Komentarze: 0
Obudziłem się po 9:00, ale dalej leżałem i zasnąłem. Wstałem po 11:00, ale i tak nie wyspany.
Na dworze bardzo ciepło (10st) i słonecznie.
Kupiłem sobie 4 pączki w cenie 2x1,30zł.
Wędlina: 0,21kgx2,90zł, 0,16kgx0,96zł.
Dzwonił Krzysiek czy jestem zainteresowany pracą u nich bo szukają na już. Nie wiem bo nie znam się na tym.
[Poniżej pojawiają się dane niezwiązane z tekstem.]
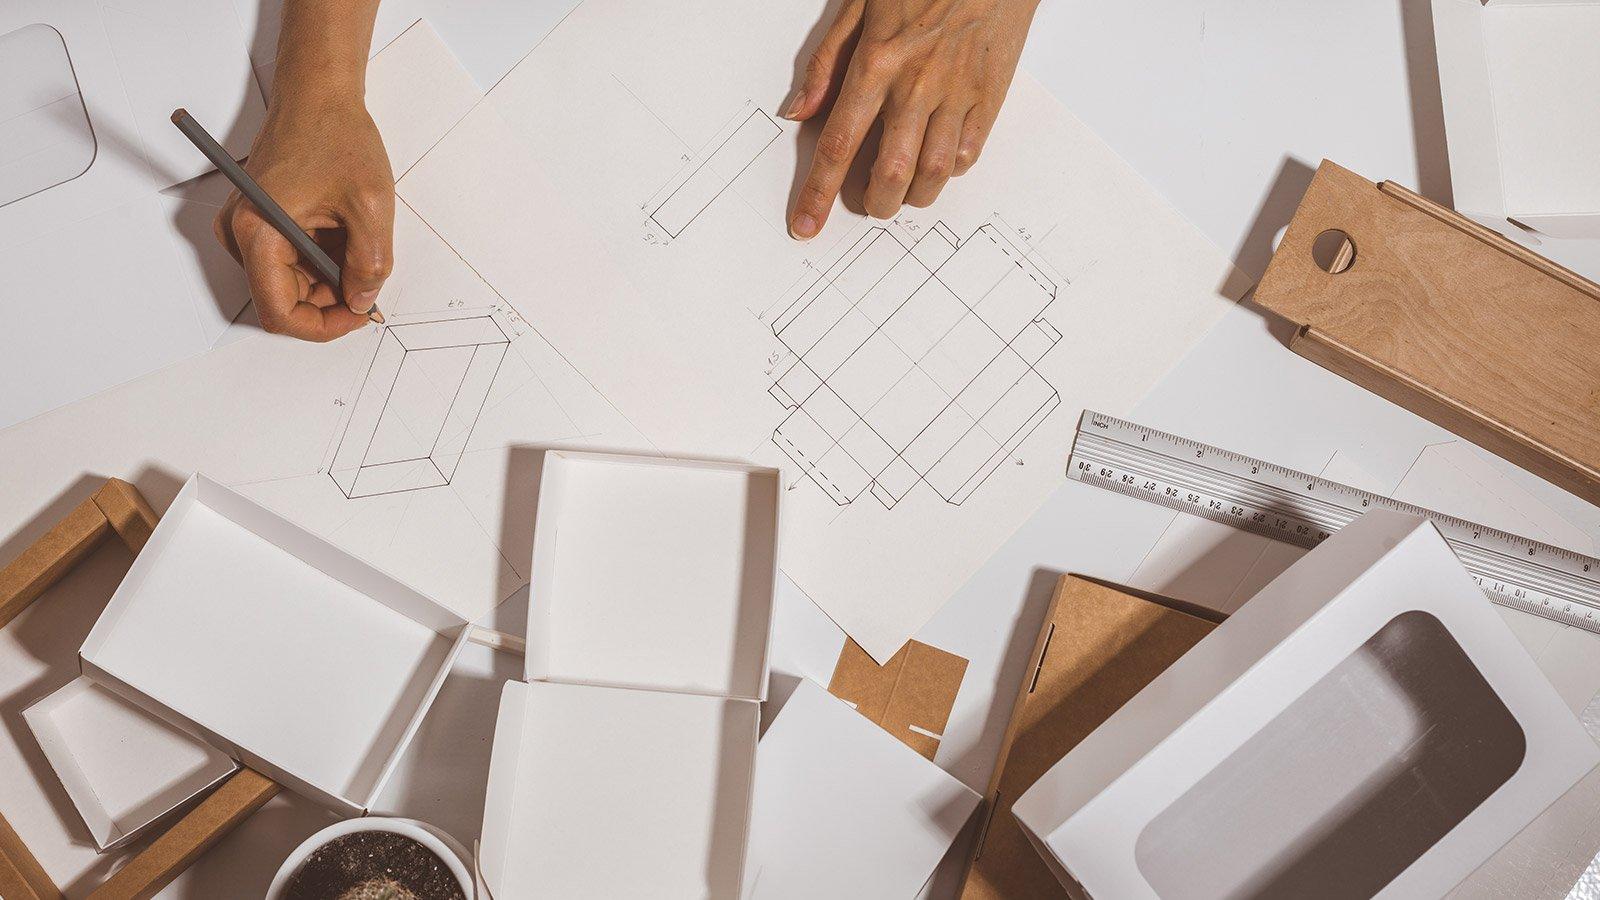 Designer drawing a mockup for economic cardboard box

Do pracy na 14:00. Jestem z Markiem. Dziewczyny zostawiły nam listę rzeczy do zrobienia na 5 osób (przebrać kapustę i cytrusy, posprzątać pod paletami, towarować i zatowarować na jutro, przebudowa). Agnieszka płakała, że duże straty bo nikt nie przebiera towaru (szczególnie cytrusów). Gdy podszedłem do ogórka na już zdjąłem 106 szt.- potem ciągle zdejmowałem nowe. Ludzi i roboty mase. Marek sobie spokojnie przebiera owoce i kapustę a ja znowu towaruję i pilnuję całego działu. Oczywiście nie wyrobiliśmy się ze wszystkim. Wyszedłem o 21:00.
Ser żółty 0,40kgx5,07zł.
W domu ok. 21:45.
Siedzę trochę na kompie. Potem czytam i spać o 23:00.